| WHAT IS EXPECTED |
Set down all of the data that follows word for word, without the images.

| INPUT DATA |
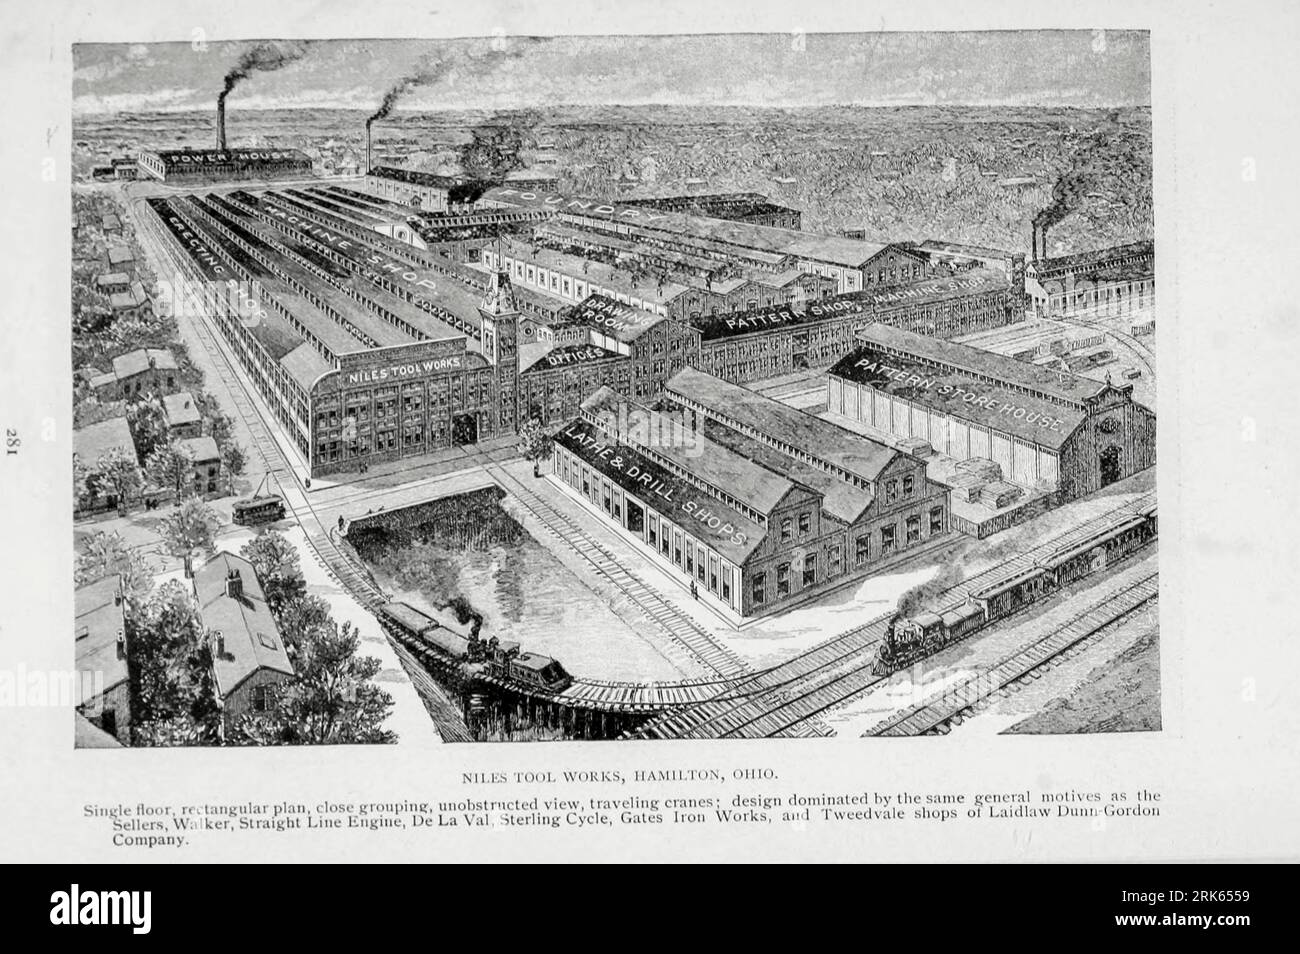 Niles Tool Works, Hamilton, Ohio Single Floor Rectangular plan, close grouping, unobstructed view from the Article MODERN MACHINE-SHOP ECONOMICS PRIME REQUISITES OF SHOP CONSTRUCTION By Horace L. Arnold from The Engineering Magazine DEVOTED TO INDUSTRIAL PROGRESS Volume XI October 1896 NEW YORK The Engineering Magazine Co Stock Photo
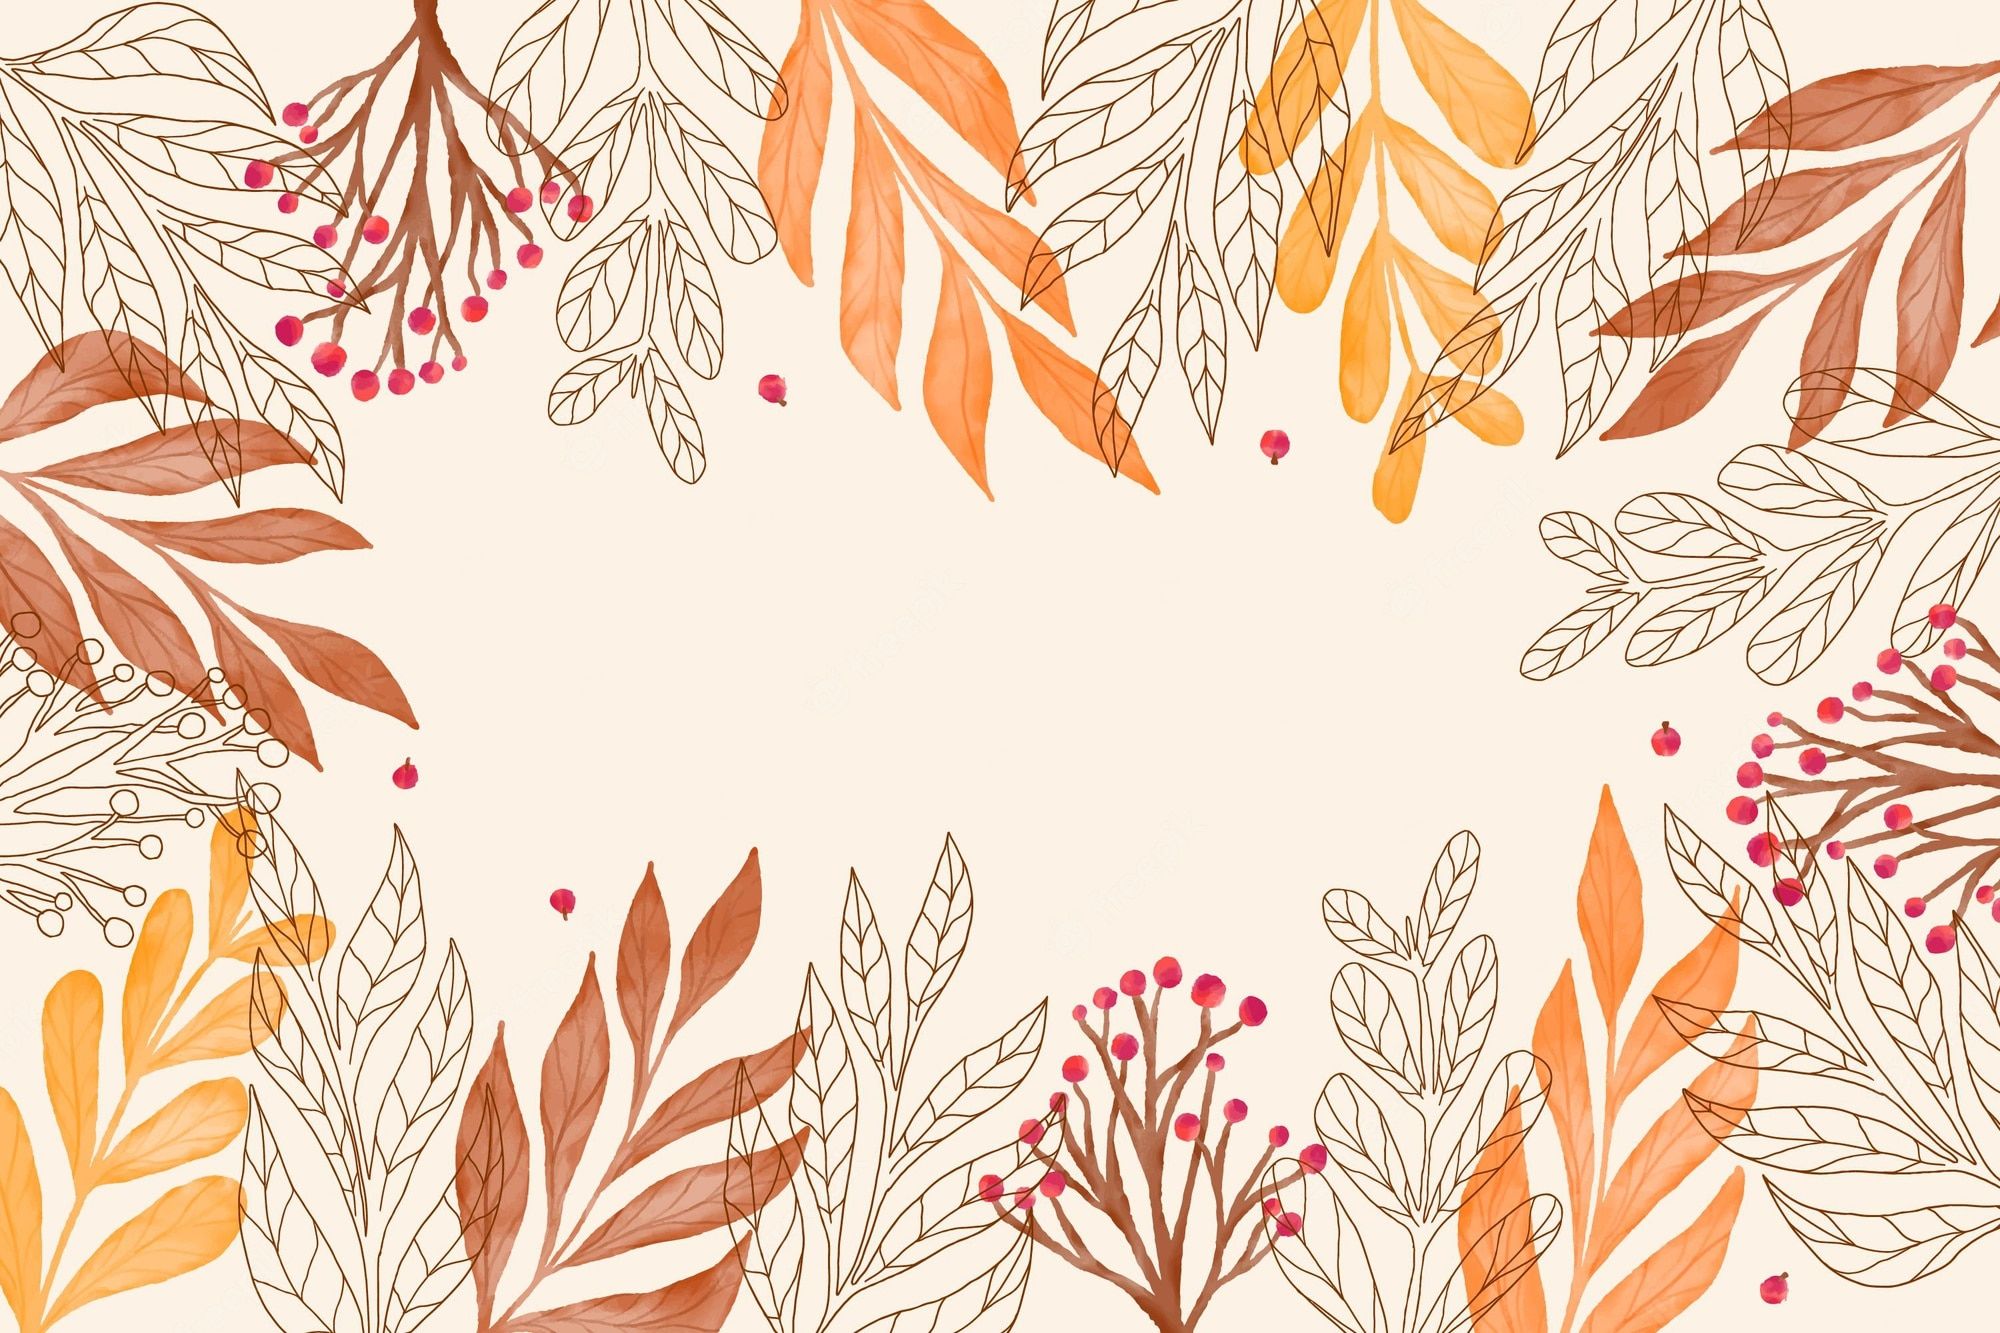 A beige background with orange and brown leaves and berries on the edges - Cute fall
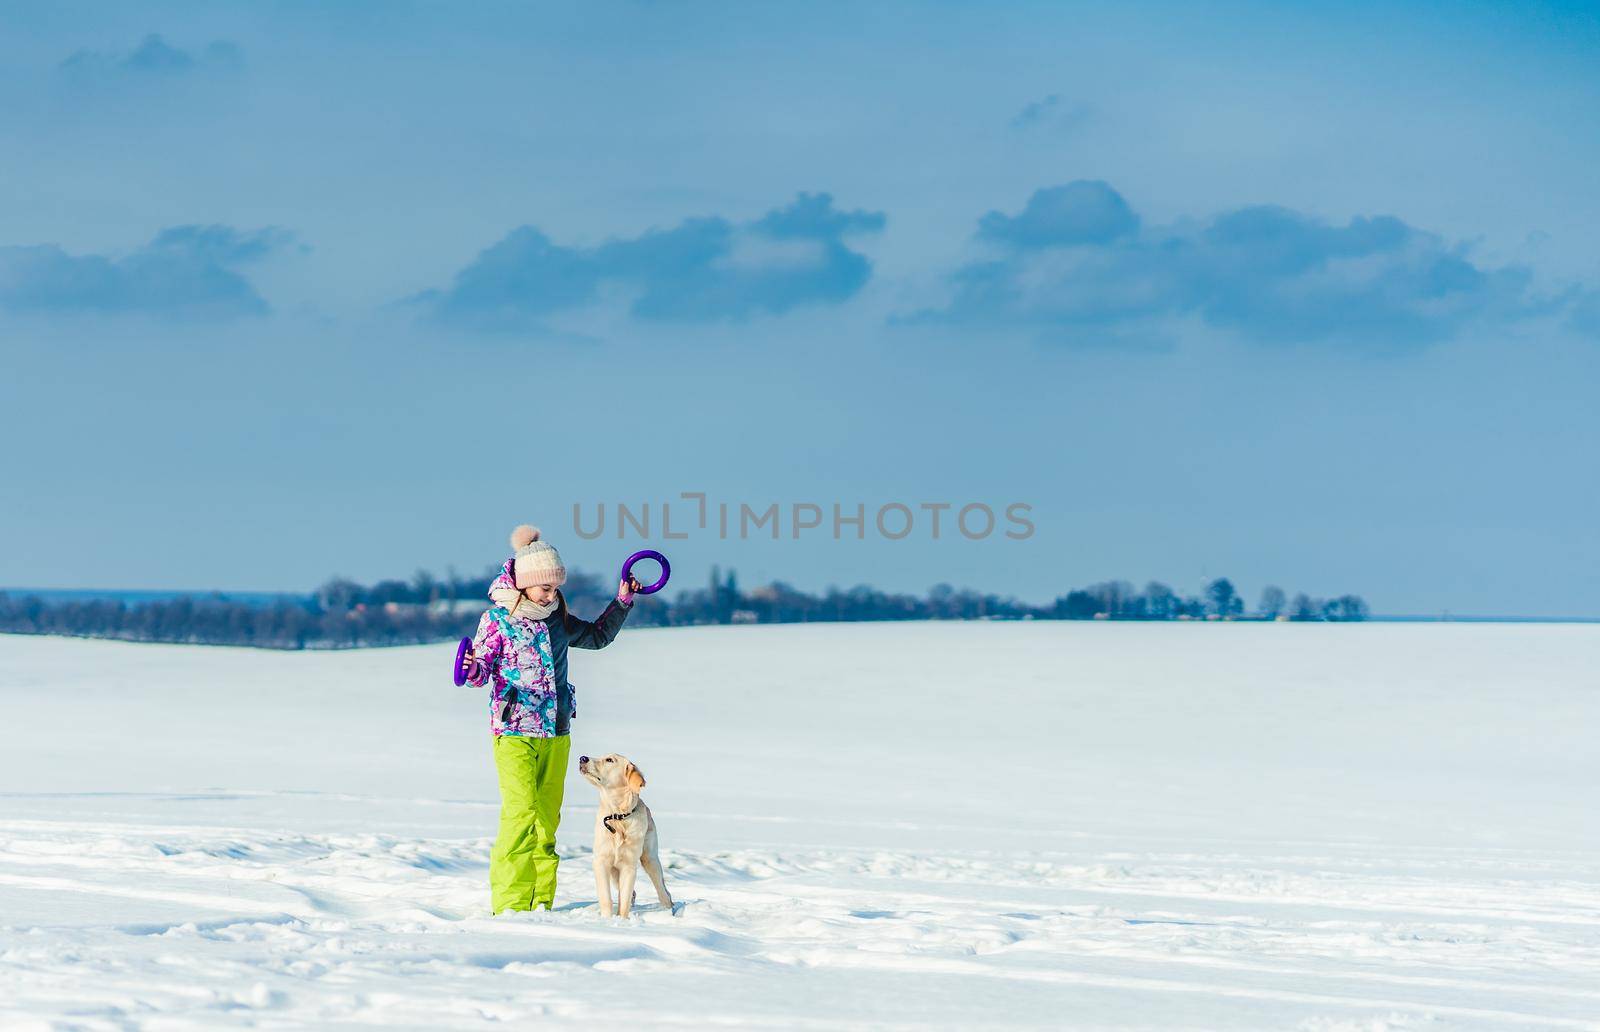 Cute girl playing with adorable dog on snowy field

| ANSWER BELOW |
 Niles Tool Works, Hamilton, Ohio Single Floor Rectangular plan, close grouping, unobstructed view from the Article MODERN MACHINE-SHOP ECONOMICS PRIME REQUISITES OF SHOP CONSTRUCTION By Horace L. Arnold from The Engineering Magazine DEVOTED TO INDUSTRIAL PROGRESS Volume XI October 1896 NEW YORK The Engineering Magazine Co Stock Photo
 A beige background with orange and brown leaves and berries on the edges - Cute fall
 Cute girl playing with adorable dog on snowy field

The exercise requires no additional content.